MMSE-Optimal Sequential Processing for Cell-Free Massive MIMO With Radio Stripes

TL;DR

This paper introduces an optimal sequential processing algorithm for uplink cell-free massive MIMO with radio stripes, significantly reducing fronthaul signaling while maintaining high spectral efficiency and low MSE.

Contribution

It develops a novel uplink sequential processing algorithm for cell-free mMIMO with radio stripes, proven to be optimal in spectral efficiency and MSE, and analyzes its fronthaul requirements.

Findings

Algorithm achieves optimal spectral efficiency and MSE.

Significantly reduces fronthaul signaling compared to sub-optimal methods.

Maintains high communication performance with reduced signaling overhead.

Abstract

Cell-free massive multiple-input-multiple-output (mMIMO) is an emerging technology for beyond 5G with its promising features such as higher spectral efficiency and superior spatial diversity as compared to conventional multiple-input-multiple-output (MIMO) technology. The main working principle of cell-free mMIMO is that many distributed access points (APs) cooperate simultaneously to serve all the users within the network without creating cell boundaries.
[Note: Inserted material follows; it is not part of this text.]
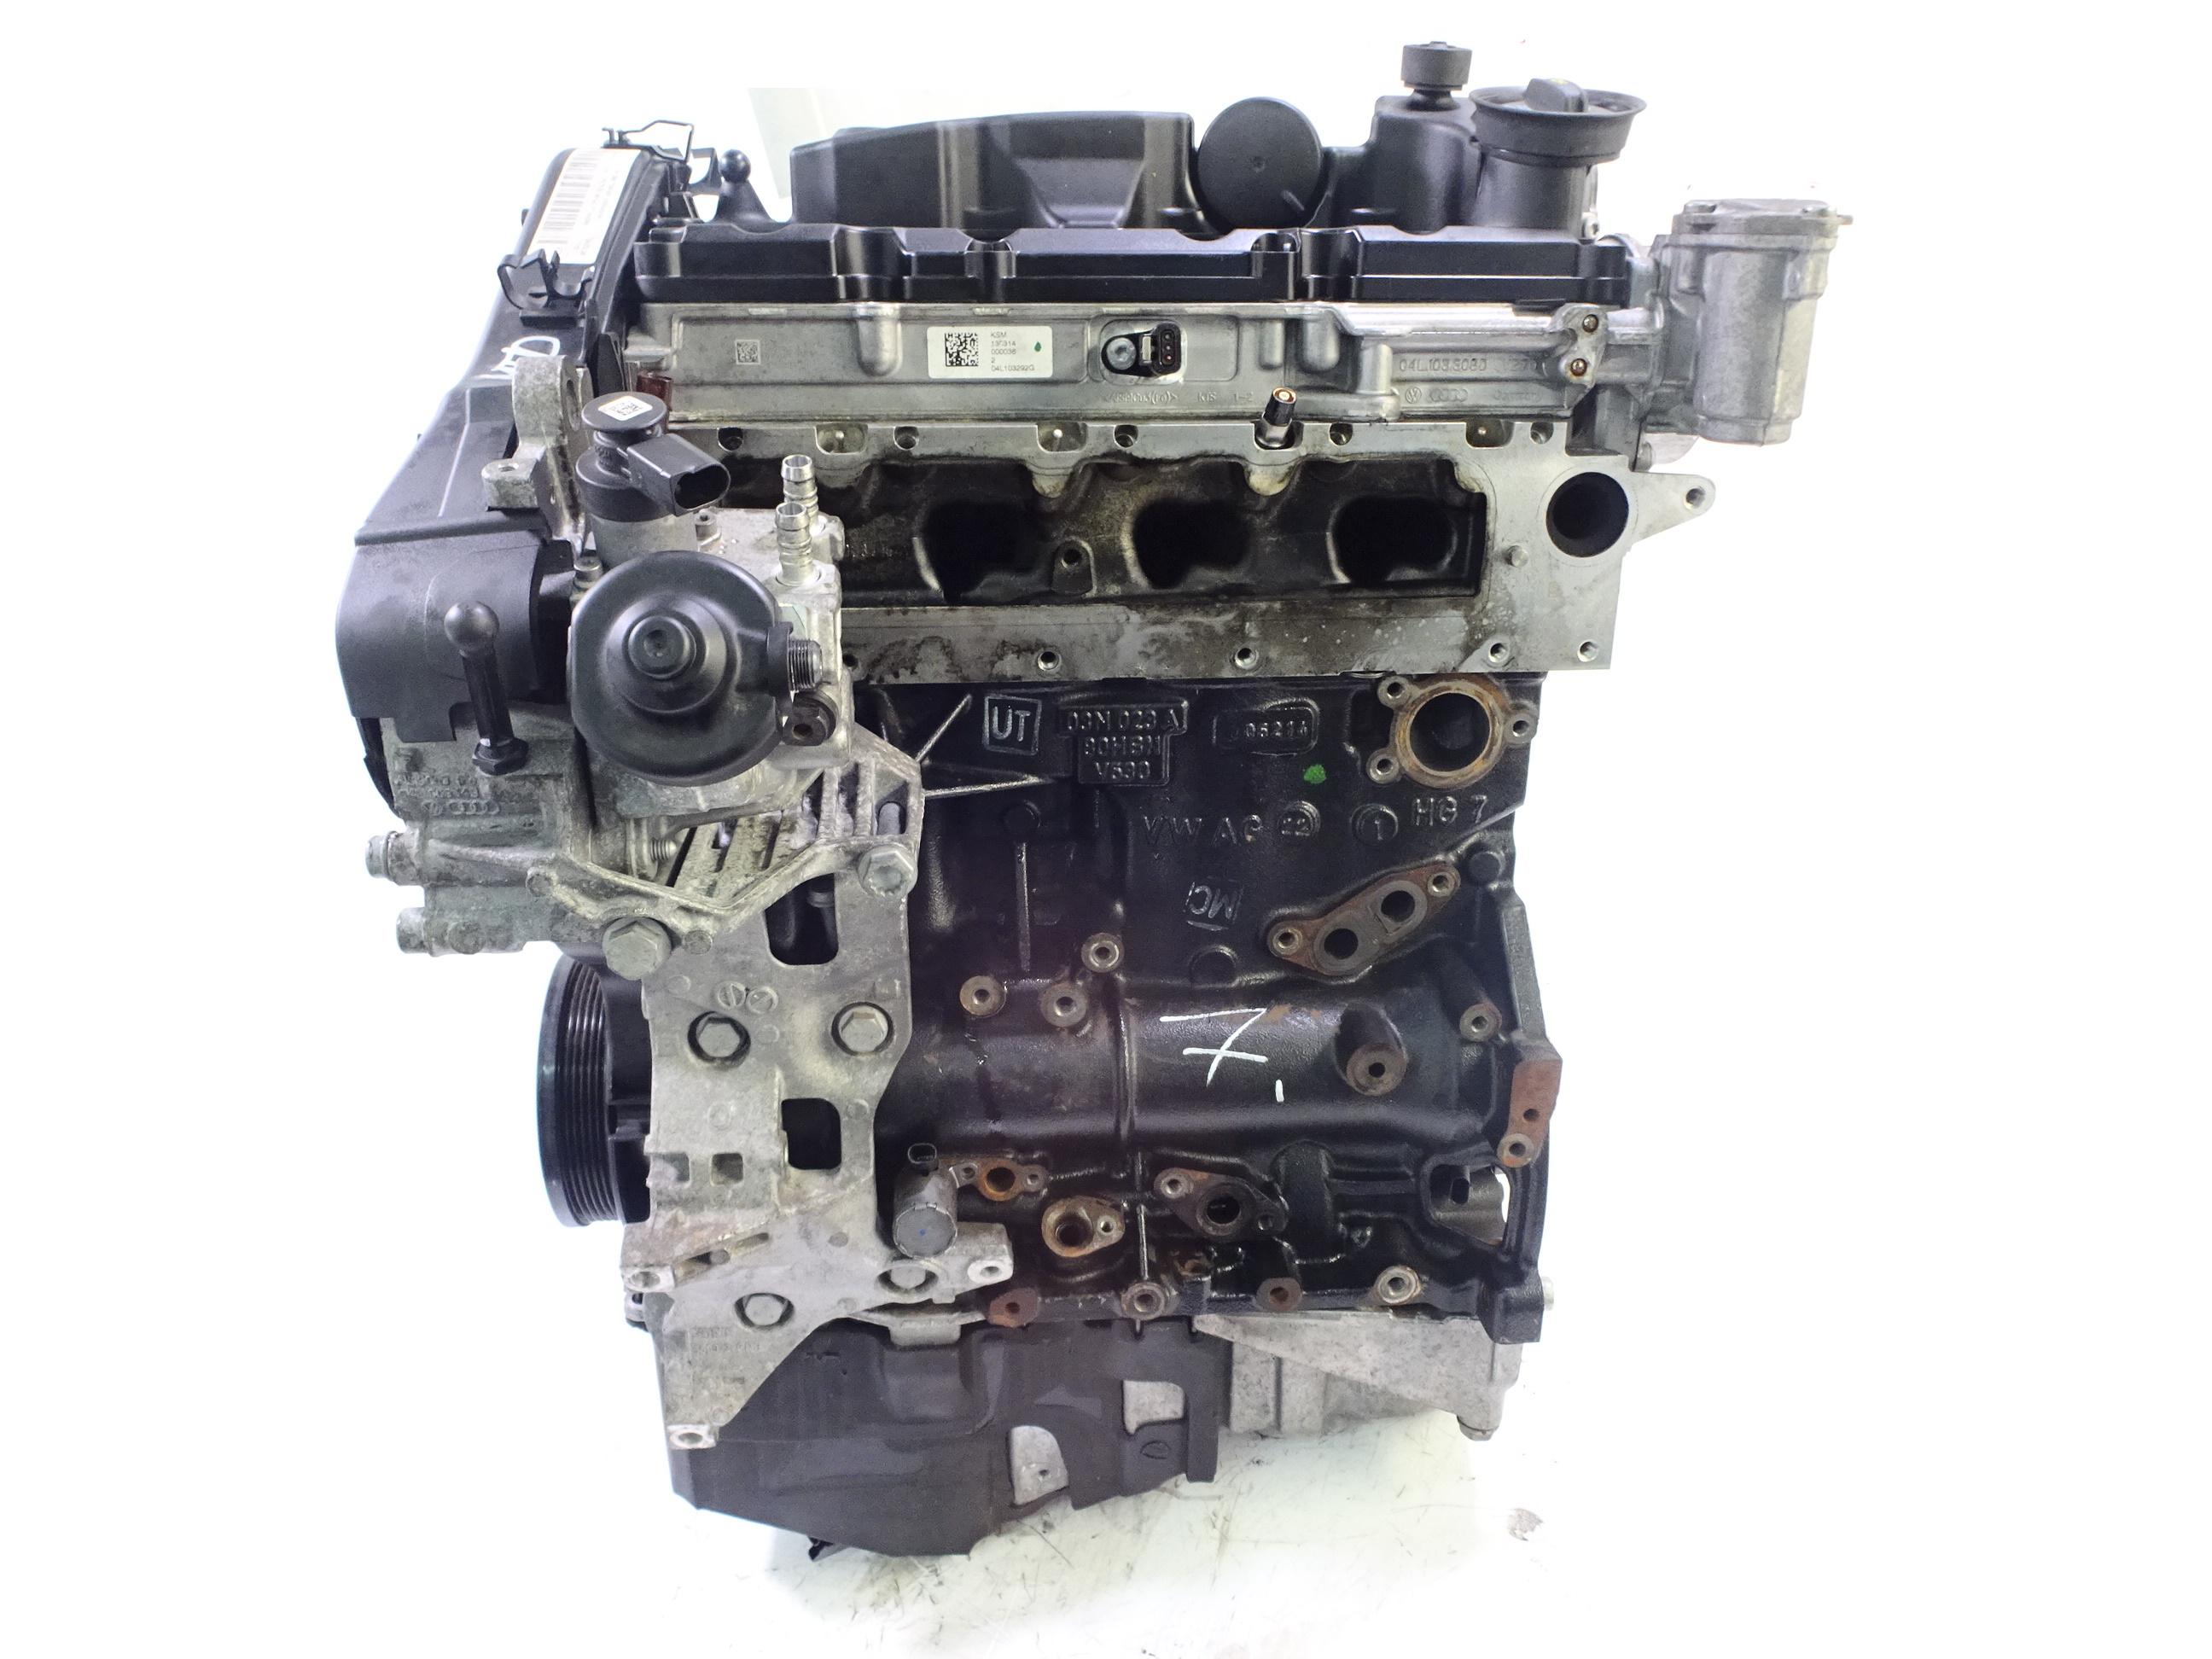 Motor 2014 Audi A4 B8 A5 8F7 A6 C7 Q5 8R 2,0 TDI Diesel CNH CNHA CNHC

This paper considers the uplink of a cell-free mMIMO system utilizing the radio stripe network architecture with a sequential fronthaul between the APs. A novel uplink sequential processing algorithm is developed which is proved to be optimal in both the maximum spectral efficiency (SE) and the minimum mean square error (MSE) sense. A detailed quantitative analysis of the fronthaul requirement or signaling of the proposed algorithm and its comparison with competing sub-optimal algorithms is provided. Key conclusions and implications are summarized in the form of corollaries. Based on the analytical and numerical simulation results, we conclude that the proposed scheme can greatly reduce the fronthaul signaling, without compromising the communication performance.